California   000-50974   80-0123855
(State or other jurisdiction of
incorporation)
   (Commission File No.)   (IRS Employer Identification
Number)

 

55 Almaden Boulevard, Suite 200    
San Jose, California   95113
(Address of principal executive offices)   (Zip Code)

  

(408) 423-8500
(Registrant's telephone number, including area code)

 

N/A
(Former name or former address, if changed since last report)

 

Check the appropriate box below if the Form 8-K filing is intended to simultaneously satisfy the filing obligation of the registrant under any of the following provisions (see General Instruction A.2. below):

 

¨Written communications pursuant to Rule 425 under the Securities Act (17 CFR 230.425)
¨Soliciting material pursuant to Rule 14a-12 under the Exchange Act (17 CFR 240.14a-12)
¨Pre-commencement communications pursuant to Rule 14d-2(b) under the Exchange Act (17 CFR 240.14d-2(b))
¨Pre-commencement communications pursuant to Rule 13e-4(c) under the Exchange Act (17 CFR 240.13e-4(c))

 

 

 

 
 

 

Item 5.07 Submission of Matters to a Vote of Security Holders.

 

Bridge Capital Holdings (the “Company”) held its annual meeting of shareholders on May 24, 2012. The Company’s shareholders voted on the proposals listed below, each of which was described in the Company’s proxy statement for the meeting. On the record date for the meeting, there were 15,166,764 shares of the Company’s common stock outstanding.

 

Voting Results

 

Proposal 1 — Election of Directors

 

The following individuals were elected as directors to serve until the 2012 annual meeting of shareholders or until their successors are elected and qualified.

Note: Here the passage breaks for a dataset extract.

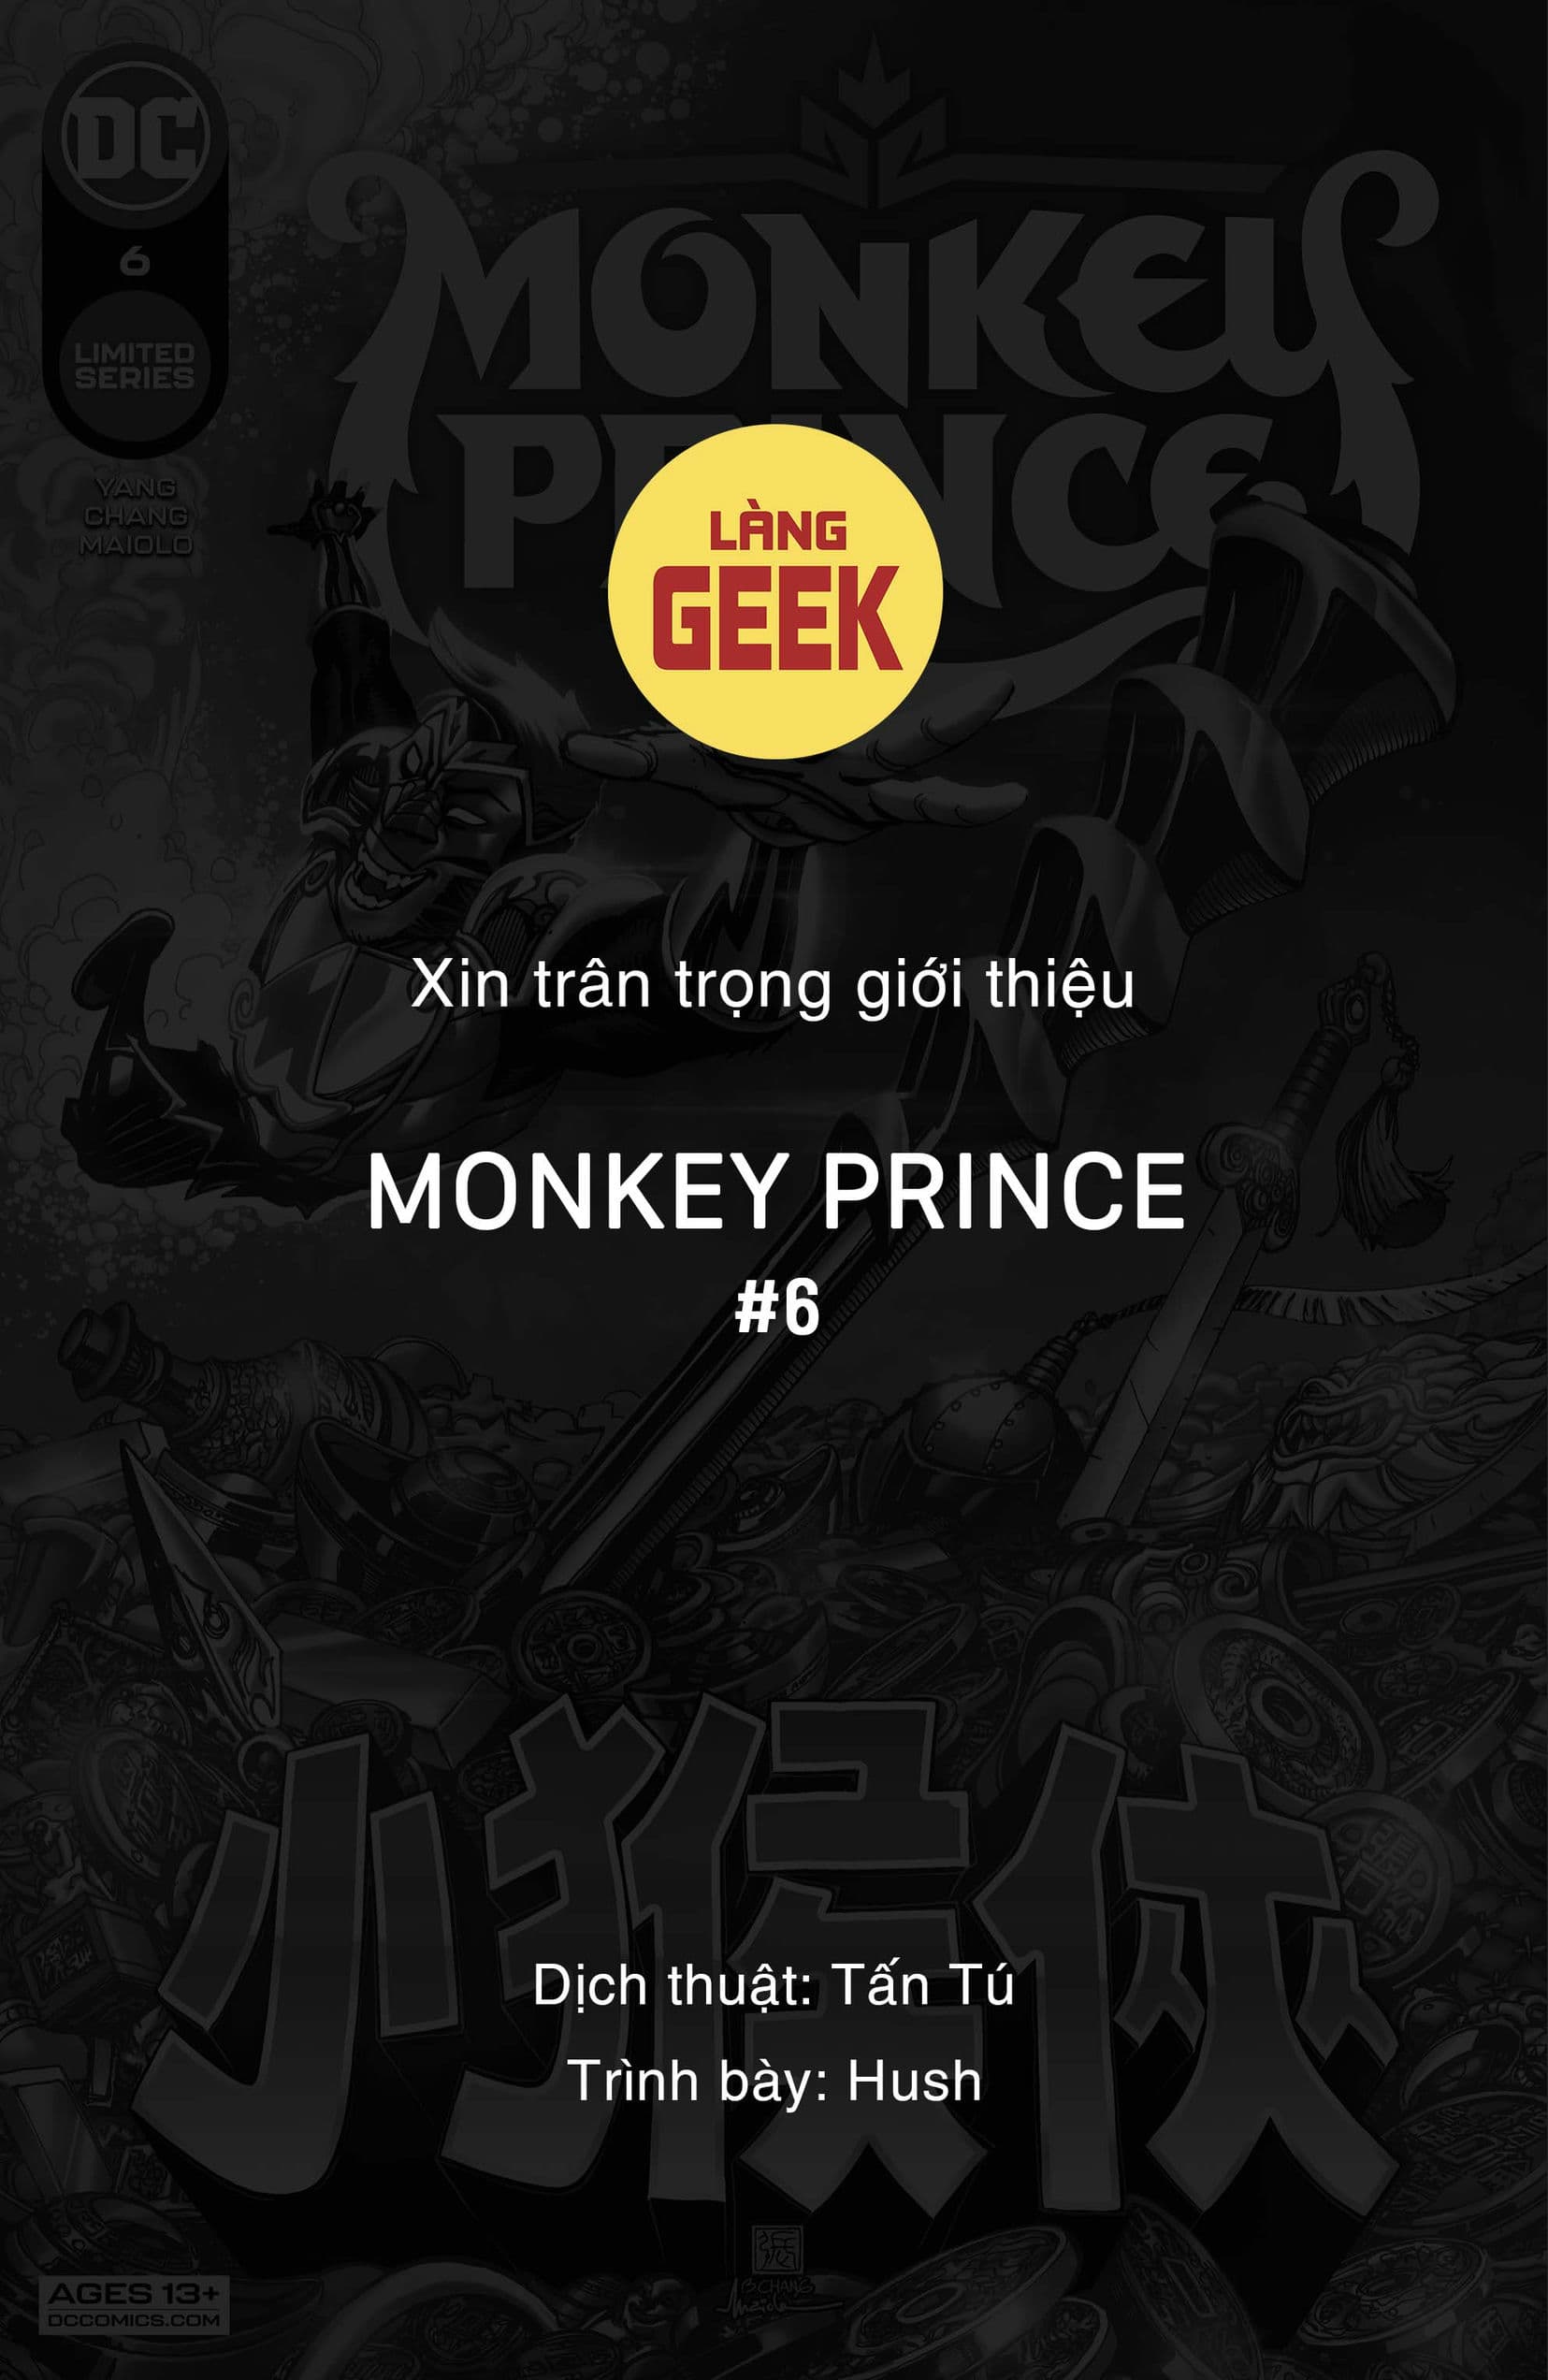 https://langgeek.net/wp-content/webpc-passthru.php?src=https://langgeek.net/wp-content/uploads/2023/04/Monkey-Prince-2022-006-000-1.jpg&nocache=1
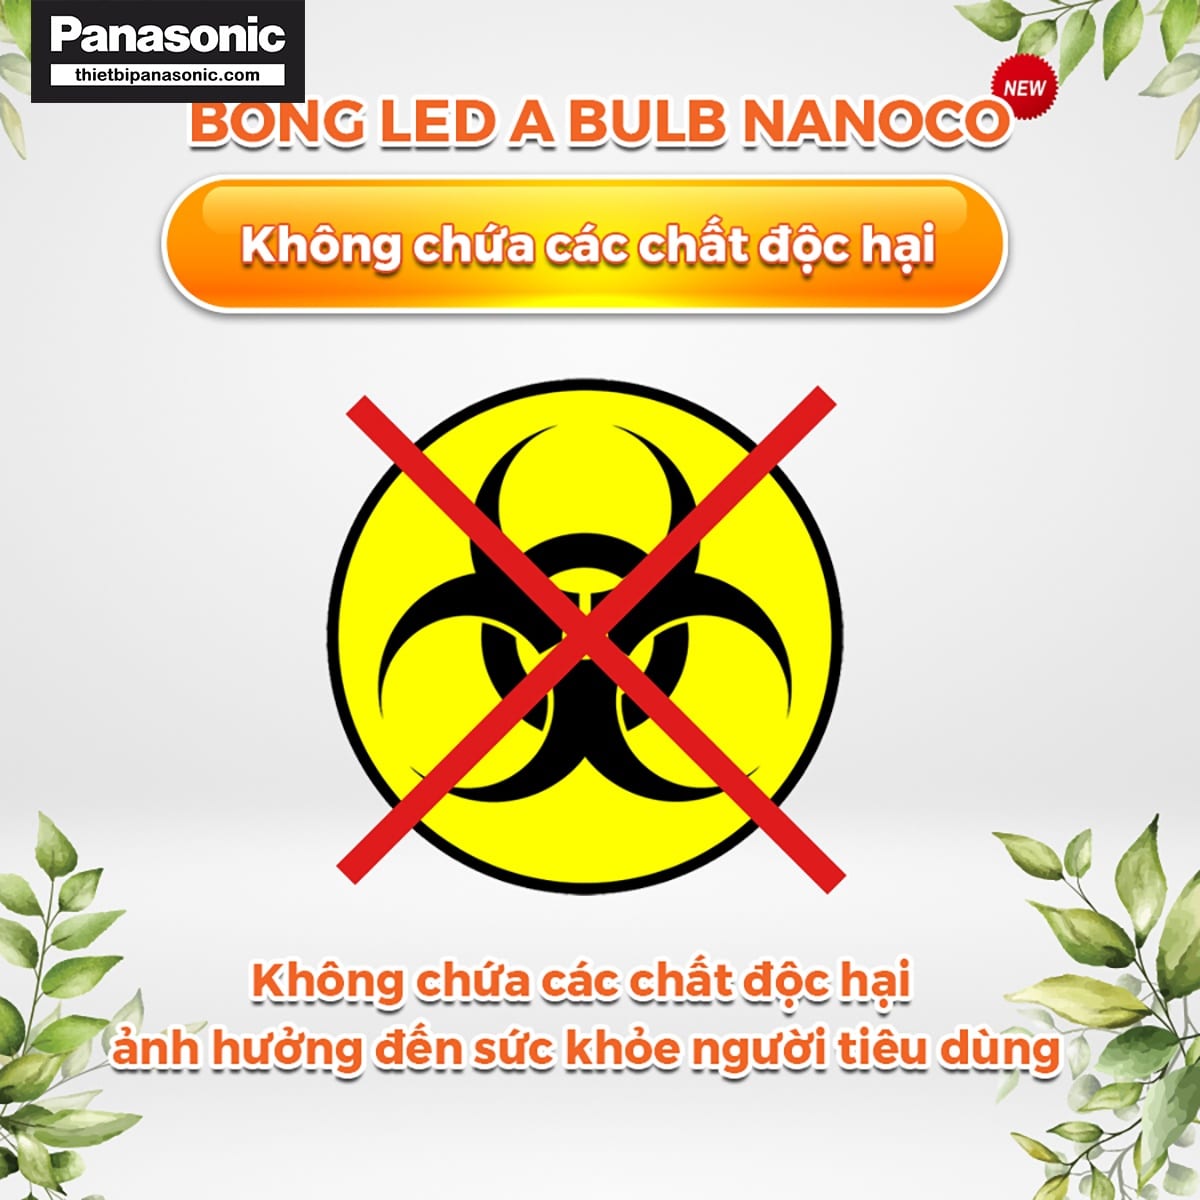 Bóng đèn bulb 40W Nanoco NLB406, NLB404, NLB403 không chứa các chất độc hại ảnh hưởng xấu tới sức khỏe

There were no nominees other than those listed below. The voting results were as follows:

 

Nominee   Votes For   Votes Withheld   Broker Non-Votes
Lawrence Owen Brown   11,329,856   30,353   1,731,793
Howard N. Gould   10,968,315   391,894   1,731,793
Dr. Frances J. Harvey   11,329,856   30,353   1,731,793
Allan C. Kramer, M.D.   11,019,160   341,049   1,731,793
Robert P. Latta   11,328,893   31,316   1,731,793
Daniel P. Myers   11,329,856   30,353   1,731,793
Christopher B. Paisley   11,270,576   89,633   1,731,793
Thomas M. Quigg   11,065,315   294,894   1,731,793
Terry Schwakopf   11,329,856   30,353   1,731,793
Barry A. Turkus   11,151,483   208,726   1,731,793

 

Proposal 2 — Advisor Proposal Concerning Executive Compensation

 

The shareholders voted to approve a non-binding advisory resolution concerning the Company’s 2011 executive compensation as described in the Company’s proxy statement for the meeting. The results of voting were as follows:

 

Votes For   Votes Against   Abstain   Broker Non-Votes
11,156,058   178,969   25,182   1,731,793

 

Proposal 3 — Advisory Vote Concerning the Frequency of Future Advisory Votes Concerning Executive Compensation

 

On the proposal concerning the frequency of future non-binding advisory votes concerning the Company’s executive compensation, a majority of the shares were voting in favor of having such a vote each year. The voting results were as follows:

 

Every Year   Every Two Years   Every Three Years   Abstain   Broker
Non-Votes
10,857,699   106,372   357,046   39,092   1,731,793

 

Proposal 4 — Ratification of Appointment of Independent Accountants.

 

The shareholders voted to ratify the appointment of Vavrinek, Trine, Day & Co. LLP as independent accountants for the Company’s 2012 fiscal year. The results of voting were as follows:

 

 

Votes For   Votes Against   Abstain
13,065,955   707   25,340

 

 
 

 

Board Determination Regarding Frequency of Votes on Executive Compensation

 

In light of voting results on the frequency of future non-binding advisory votes on executive compensation and the recommendation of the Company’s Board of Directors that non-binding advisory votes on executive compensation be held each year, the Board of Directors has determined that the Company will hold a non-binding advisory vote on executive compensation each year in connection with its annual meeting of shareholders until the next vote on the frequency of shareholder votes on the compensation of executives. Accordingly, the next non-binding advisory shareholder vote on executive compensation will be held at the Company’s 2013 annual meeting of shareholders. The Company is required to hold votes on frequency every six years.

 

 
 

 

SIGNATURE

 

Pursuant to the requirements of the Securities Exchange Act of 1934, the registrant has duly caused this report to be signed on its behalf by the undersigned, hereunto duly authorized.

  

Dated: May 25, 2012

 

  BRIDGE CAPITAL HOLDINGS
   
  By:    /s/ Thomas A. Sa
    Thomas A. Sa
    Executive Vice President
    Chief Financial Officer
    (Duly Authorized Officer)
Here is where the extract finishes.